**WORK INSTRUCTIONS**
Retype the following data exactly, but leave its pictures out.

**GIVEN DATA**
....

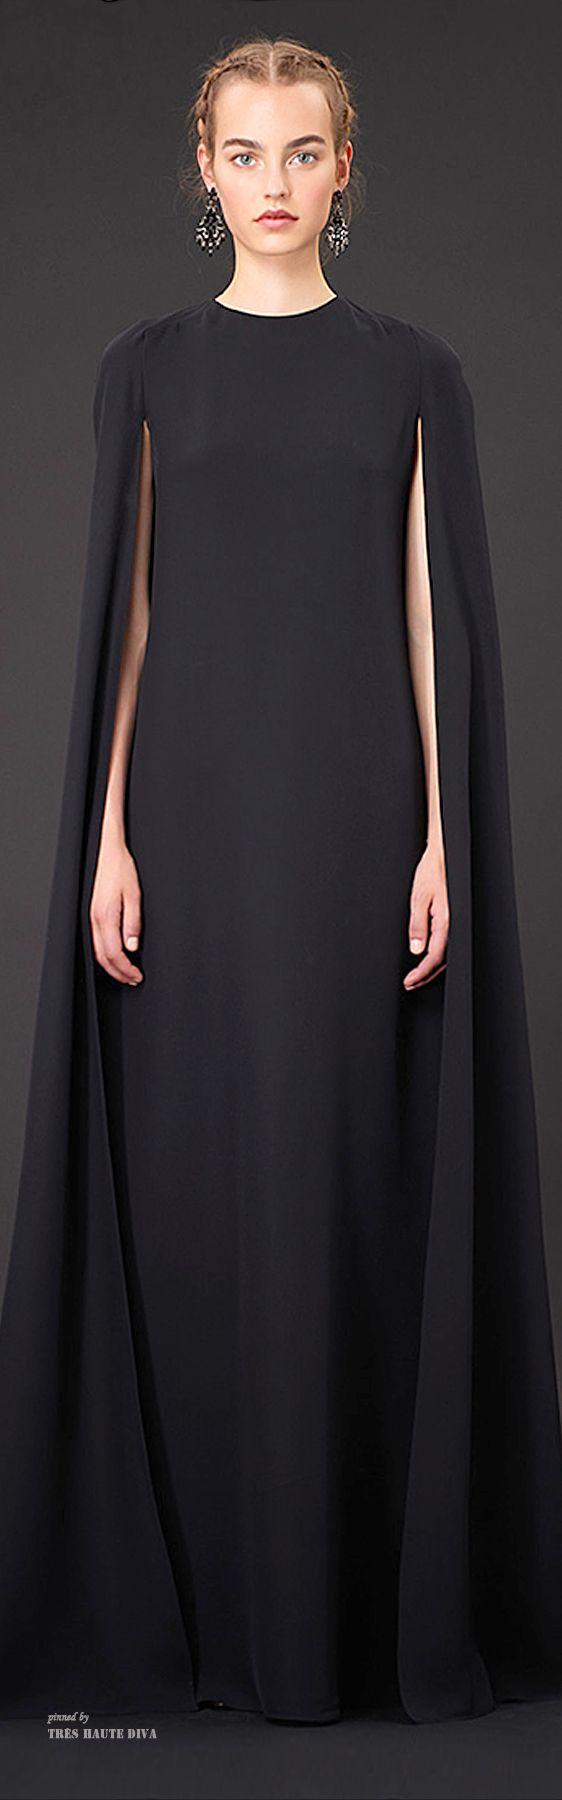 Valentino Resort 2015-- Make a great silhouette statement.  SilhouettesbyCindi.com Valentino silhouette!  Chic fashion silhouettes!
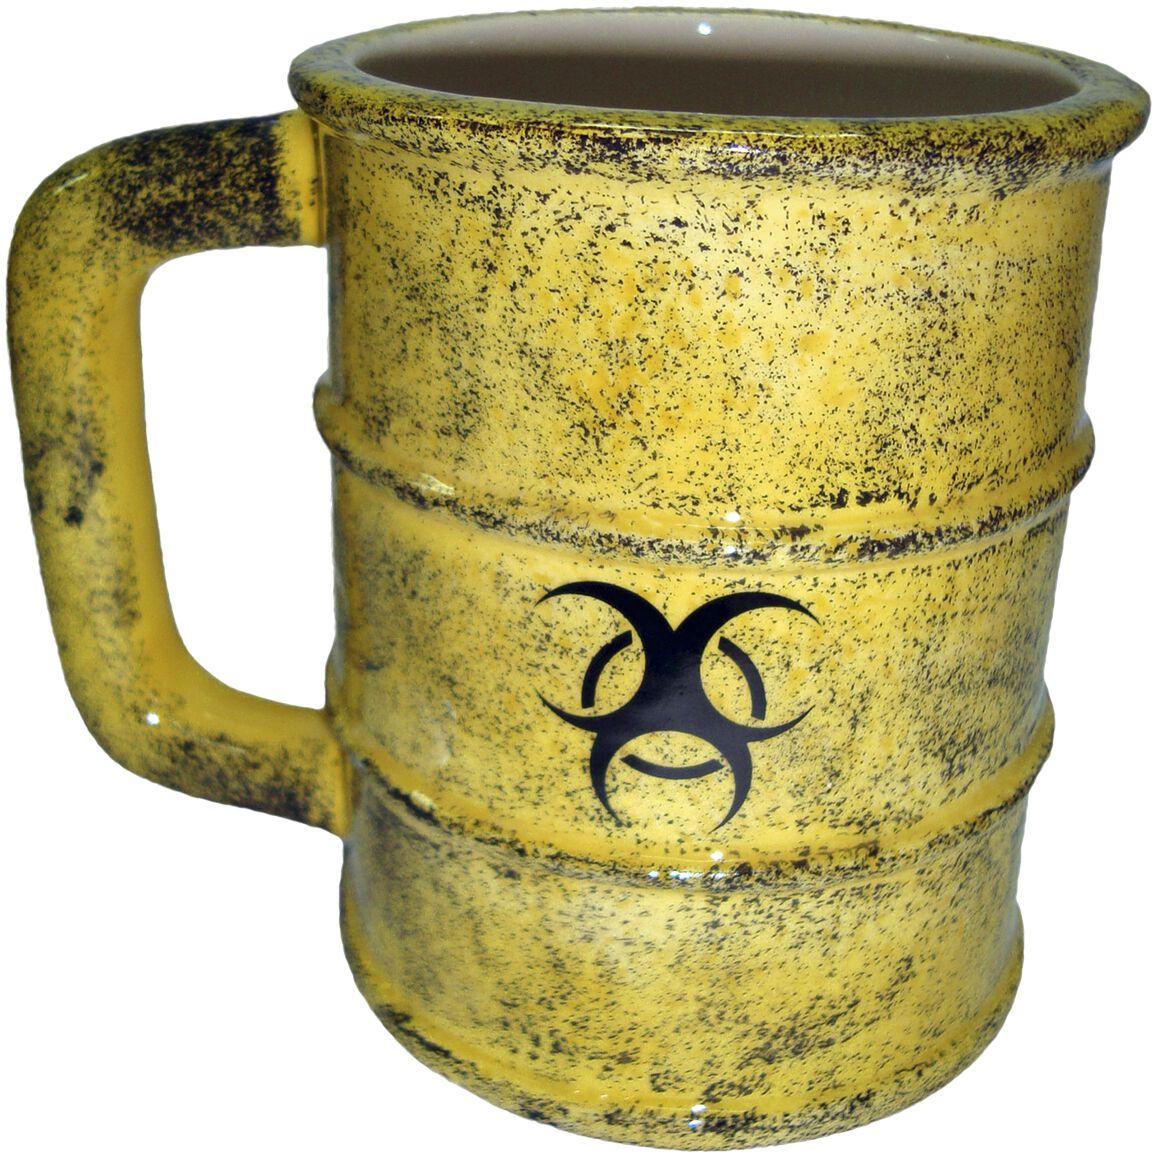 Image of   Nemesis Now Toxic Waste Mug Krus gul
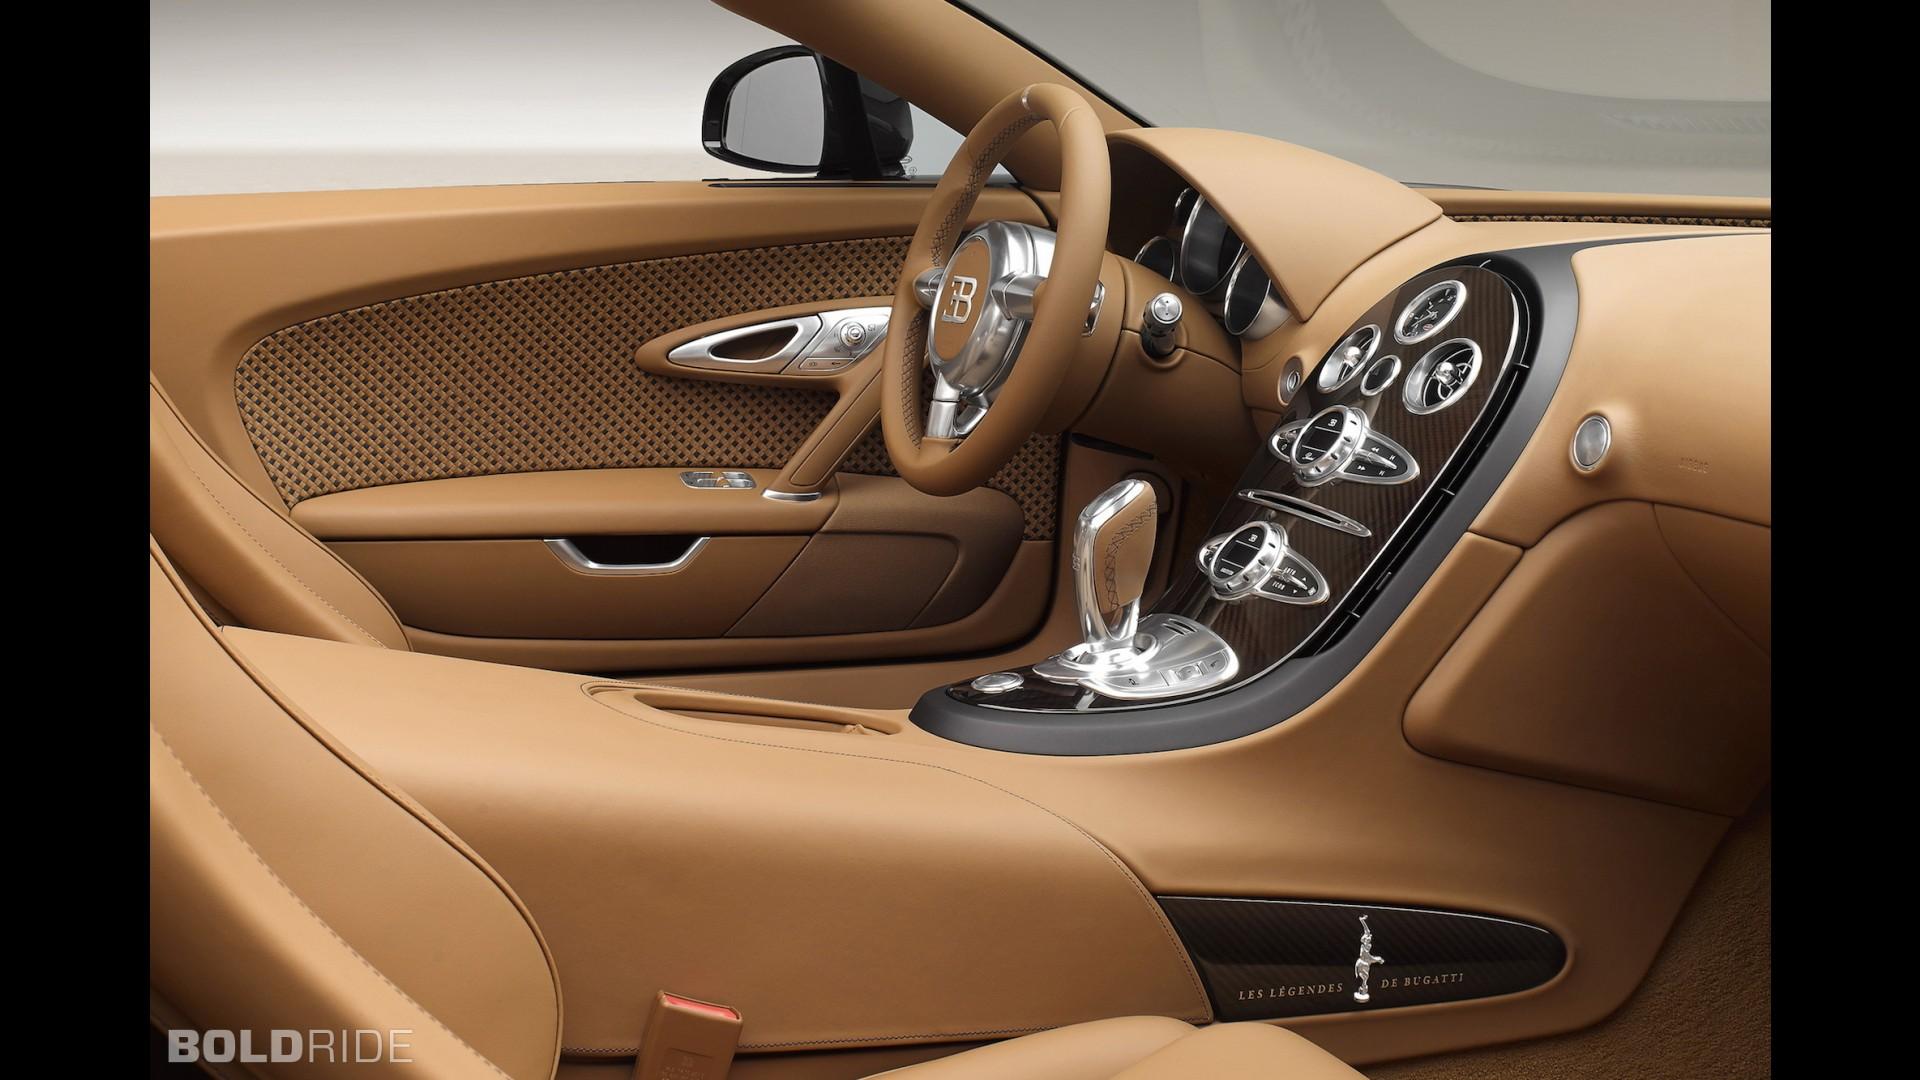 bugatti-veyron-grand-sport-roadster-vitesse-rembrandt Cozy Bugatti Veyron Rembrandt Edition Price Cars Trend

....

**ANSWER TO THIS EXERCISE**
 Valentino Resort 2015-- Make a great silhouette statement.  SilhouettesbyCindi.com Valentino silhouette!  Chic fashion silhouettes!
 Image of   Nemesis Now Toxic Waste Mug Krus gul
 bugatti-veyron-grand-sport-roadster-vitesse-rembrandt Cozy Bugatti Veyron Rembrandt Edition Price Cars Trend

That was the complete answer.